Sol, Praia e Piscina; este é o cenário do verão. Mas, mesmo com o clima de descontração, é importante estar alerta ao aparecimento de diversas doenças frequentes no período. Alguns cuidados simples podem evitar problemas
Cuidados com a pele devem ser reforçados
Além da já tradicional dica de não esquecer o protetor solar, algumas outras podem evitar doenças de pele mais comuns que ocorrem devido ao aumento da temperatura combinado à maior exposição ao sol, à umidade e ao aumento da transpiração, veja algumas delas:
Micoses e frieiras
Os tipos mais freqüentes destes problemas causados por fungos são as micoses de praia, que provocam manchas esbranquiçadas, e as micoses de virilha e dos pés. “O calor, o suor e o atrito entre as partes do corpo são um prato cheio para os fungos se reproduzirem”, explica o dermatologista Carlos Alberto Queiroz Carvalho. Para evitá-las é necessário procurar praias limpas e manter o corpo sempre seco.
Herpes labial
Provocado por um vírus, ocorre mais no verão devido às longas exposições ao sol que baixam a resistência imunológica do organismo.
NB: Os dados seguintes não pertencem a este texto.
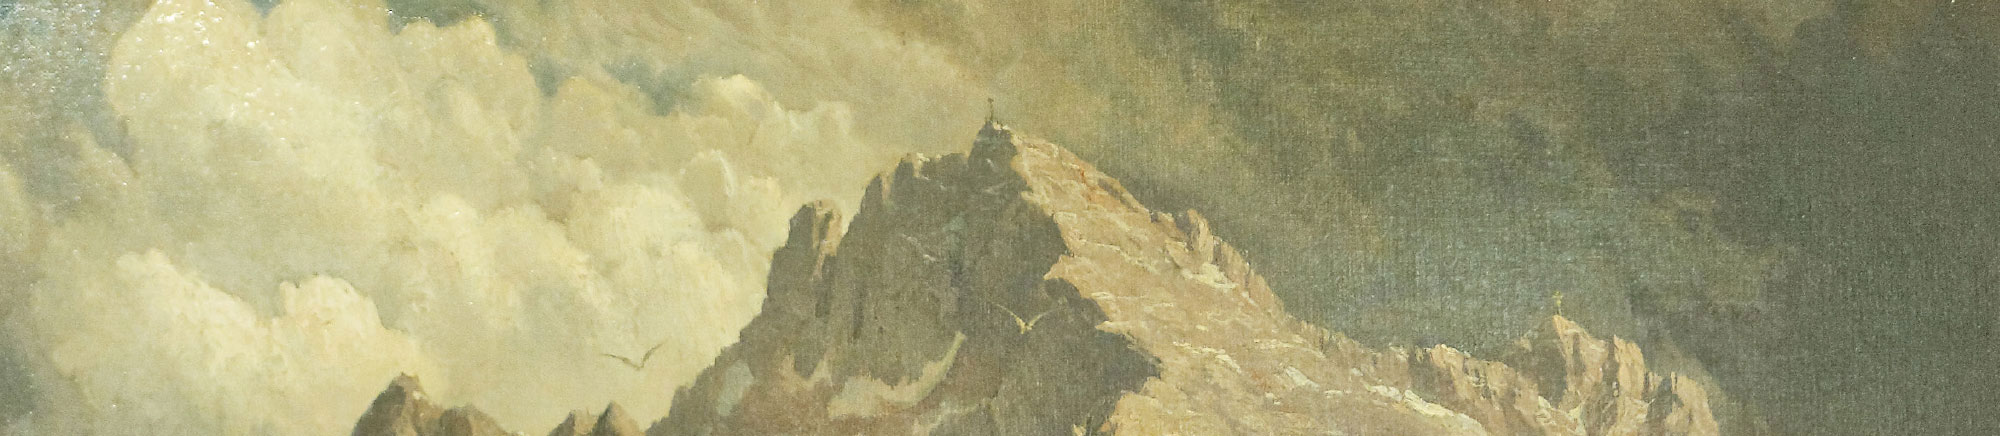 200 Jahre Zugspitze - präsentiert von Bergwelten

Entre seus sintomas estão: bolhinhas d’ água, coceira, ardência e formigamento. Na prevenção, deve-se evitar o contato com pessoas infectadas e a
exposição exagerada ao sol nas horas mais quentes do dia.
Brotoejas
Manchas vermelhas e bolhinhas d’ água, mais comuns em crianças. Podem ser prevenidas evitando o sol forte e banhos quentes, mantendo os ambientes ventilados e usando roupas frescas.
Acne solar
Apesar de o sol da manhã e do final da tarde ajudar a reduzir as populares “espinhas”, há exceções. “O horário não recomendado, das 12h às 16h, aumenta a secreção das glândulas de gordura, facilitando proliferação de bactérias na pele, o que piora o quadro de acne”, alerta o especialista.
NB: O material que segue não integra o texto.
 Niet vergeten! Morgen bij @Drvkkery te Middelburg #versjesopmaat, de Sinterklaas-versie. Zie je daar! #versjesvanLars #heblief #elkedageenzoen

Doenças nos ouvidos também são comuns
Além da pele, outras partes do nosso corpo também podem sofrer com hábitos muitos comuns
no verão. Eles podem, por exemplo, contribuir para o aparecimento freqüente das otites externas, popularmente conhecidas como dores de ouvido.
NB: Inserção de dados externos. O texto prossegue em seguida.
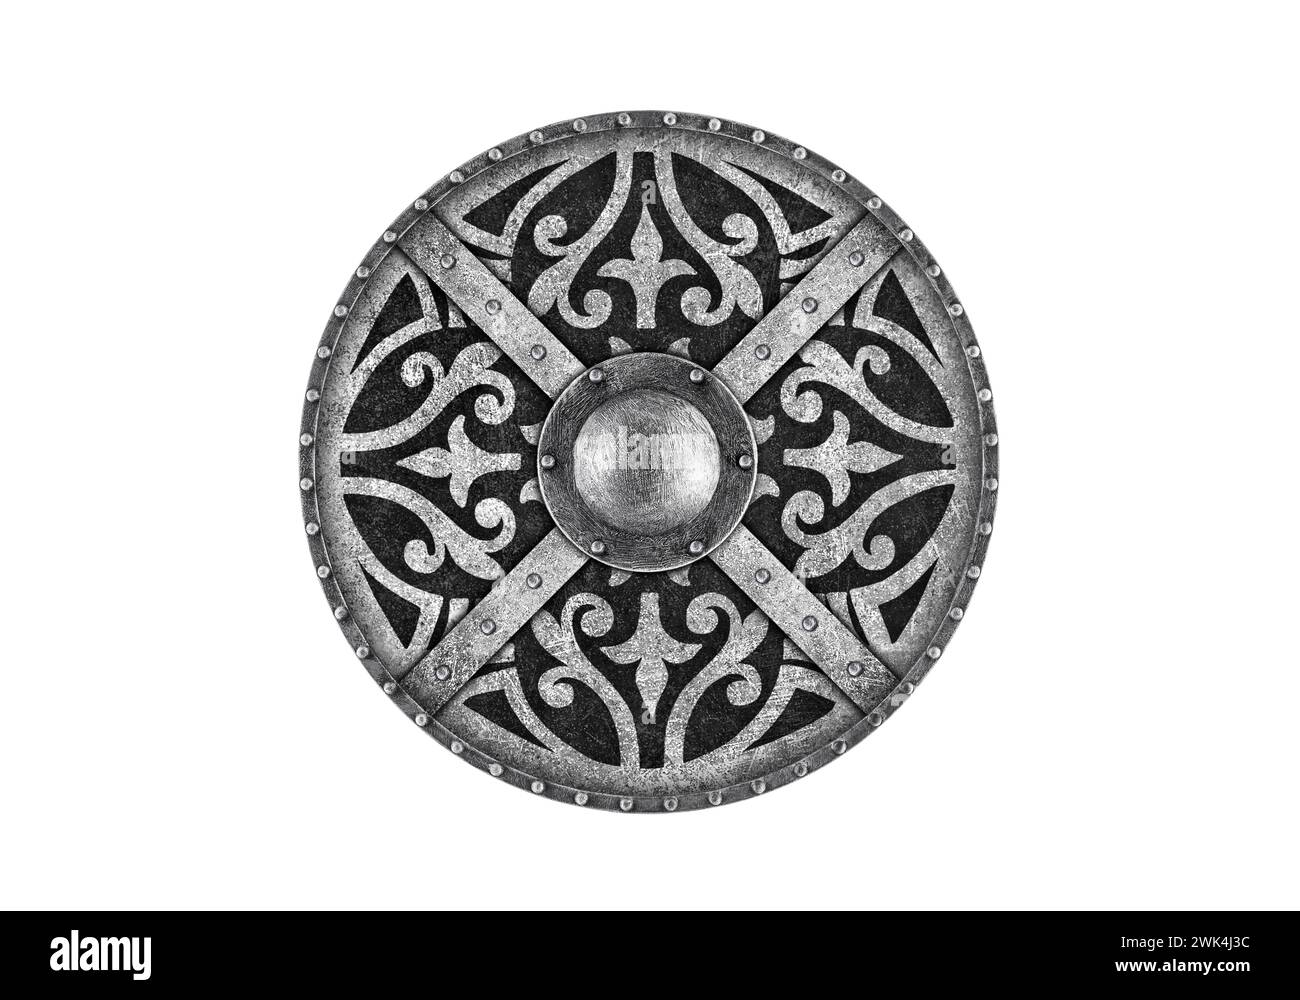 Ancien bouclier rond en métal décoré isolé sur fond blanc Banque D'Images

Elas são causadas pelo acúmulo de água nos ouvidos, pela alteração do PH do canal auditivo
e pela retirada da flora bacteriana natural da orelha, ou do cerume, que atuam como protetores contra as bactérias prejudiciais à saúde.
De acordo com o otorrinolaringologista, Flávio Augusto Passarelli Prado, o principal sintoma das
otites é a dor. “É uma dor aguda sentida, às vezes, ao se mexer na orelha, movimentar o maxilar, comer e falar”, exemplifica.
Para tratá-las é preciso procurar um especialista. Já a prevenção é bastante simples, basta manter o ouvido sempre seco e evitar o uso de cotonetes. “A haste de algodão nunca tira o cerume, ela só o empurra, causando a laceração da pele e facilitando a entrada de bactérias”,
explica o especialista. Quem enfrenta o problema com freqüência também pode utilizar tampões nas orelhas.
Se não tratadas, essas inflamações podem se espalhar para regiões próximas do ouvido fazendo com que a infecção se estenda para a parte óssea, dificultando o tratamento. Por isso,
em caso de dores nos ouvidos, procure atendimento médico.